Reed fired at least two shots at Mercer, who returned fire – killing him.
In addition to the shots fired at police on the evening of May 6, Reed’s firearm was forensically matched to shell casings from two recent drive-by shootings in the Indianapolis area.
Text messages obtained from Reed’s phone confirmed his involvement in the two shootings.
Based on the above facts, here is a brutally honest question … what in the hell was the NFL thinking when it decided to honor Reed?
Clearly, there are victims of police misconduct in America. Anyone who watched what happened to George Floyd knows that. And such misconduct must be called out – condemned, actually – as being fundamentally incompatible with individual liberty.
We did just that following Floyd’s death … and will continue to do that in cases where the facts clearly point to police misconduct.
But in this case, there was no police misconduct.
In this case, law enforcement officers operated by the book in attempting to peaceably detain an individual who was an obvious threat to public safety. He refused to be detained, however, going so far as to fire his weapon at officers during their pursuit of him.
That is not a victim of police misconduct, people.
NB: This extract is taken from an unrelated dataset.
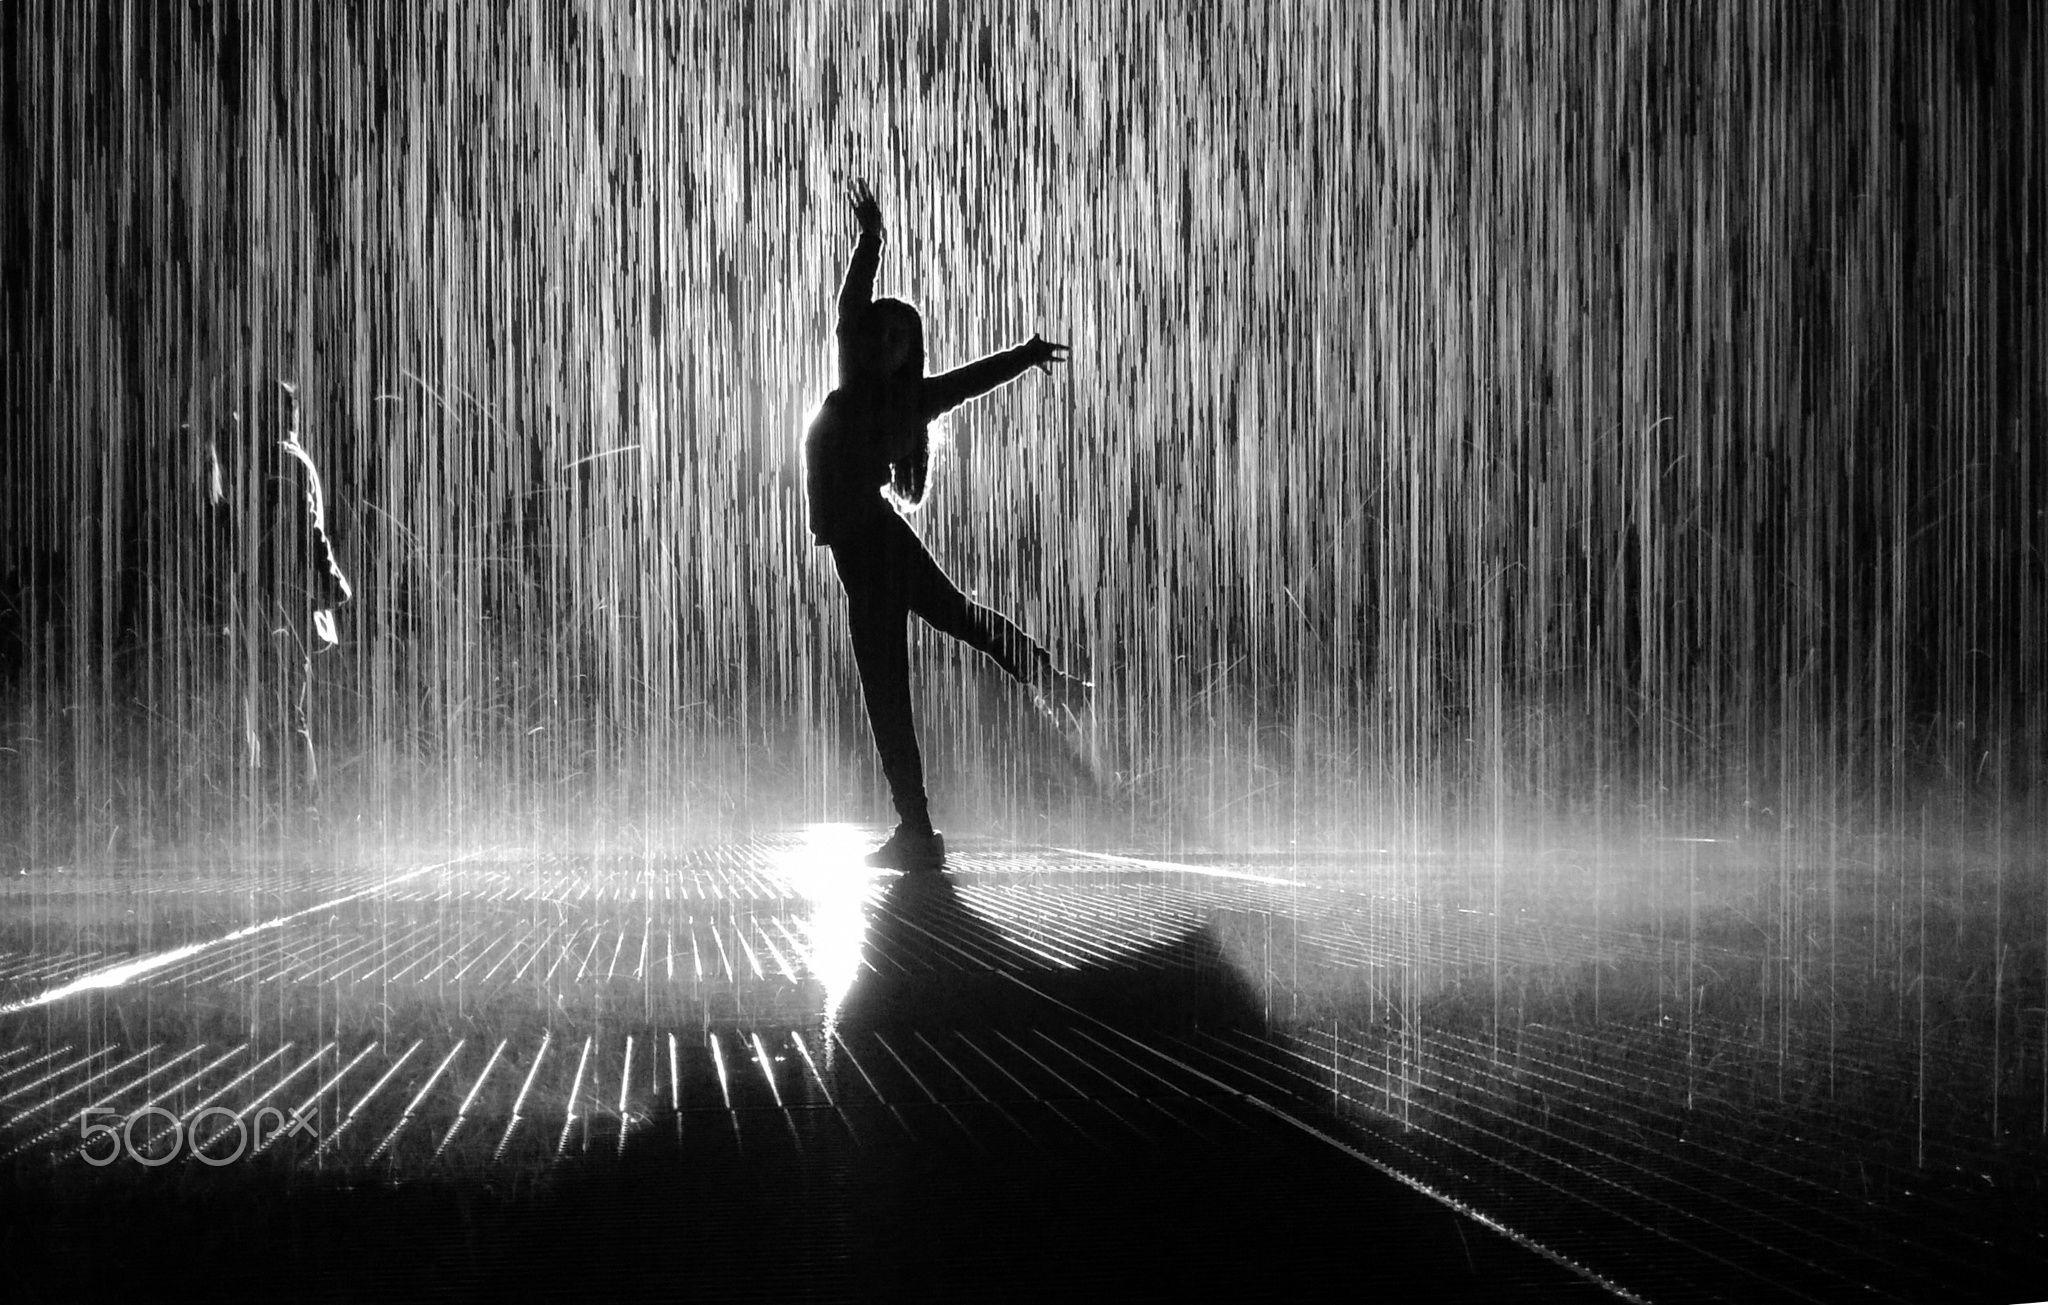 Dancing In The Rain Its Taken In The Rain Room Designed By Random International

Bottom line? You are rarely going to find a clearer example of justifiable use of lethal force as this case – which makes it absolutely unfathomable (and inexcusable) that the NFL has chosen to single Reed out as some sort of “hero.”
Also … where is the “systemic racism” in this case?
The officer who first reported Reed’s reckless driving is black. The officer who returned fire at him is black. The prosecutor who oversaw the investigation into the incident is black.
In fact, prosector Khoury noted that the grand jury conducted “a thorough, impartial investigation” before it cleared Mercer of wrongdoing last month.
Again, we understand the importance of drawing attention to police misconduct – and holding officers (and law enforcement leaders) accountable when they violate their oaths and abuse the public trust. We also categorically oppose all forms of discrimination in the administration of core functions of government (especially law enforcement).
But “honoring” violent criminals in the way the NFL has honored Reed – portraying them as victims of “racism” – totally undermines that effort.
The NFL should be ashamed of itself. In fact, we believe the league owes an apology to the IMPD and to law enforcement officers – black and white – across America who are doing their best to keep our communities safe during incredibly difficult times.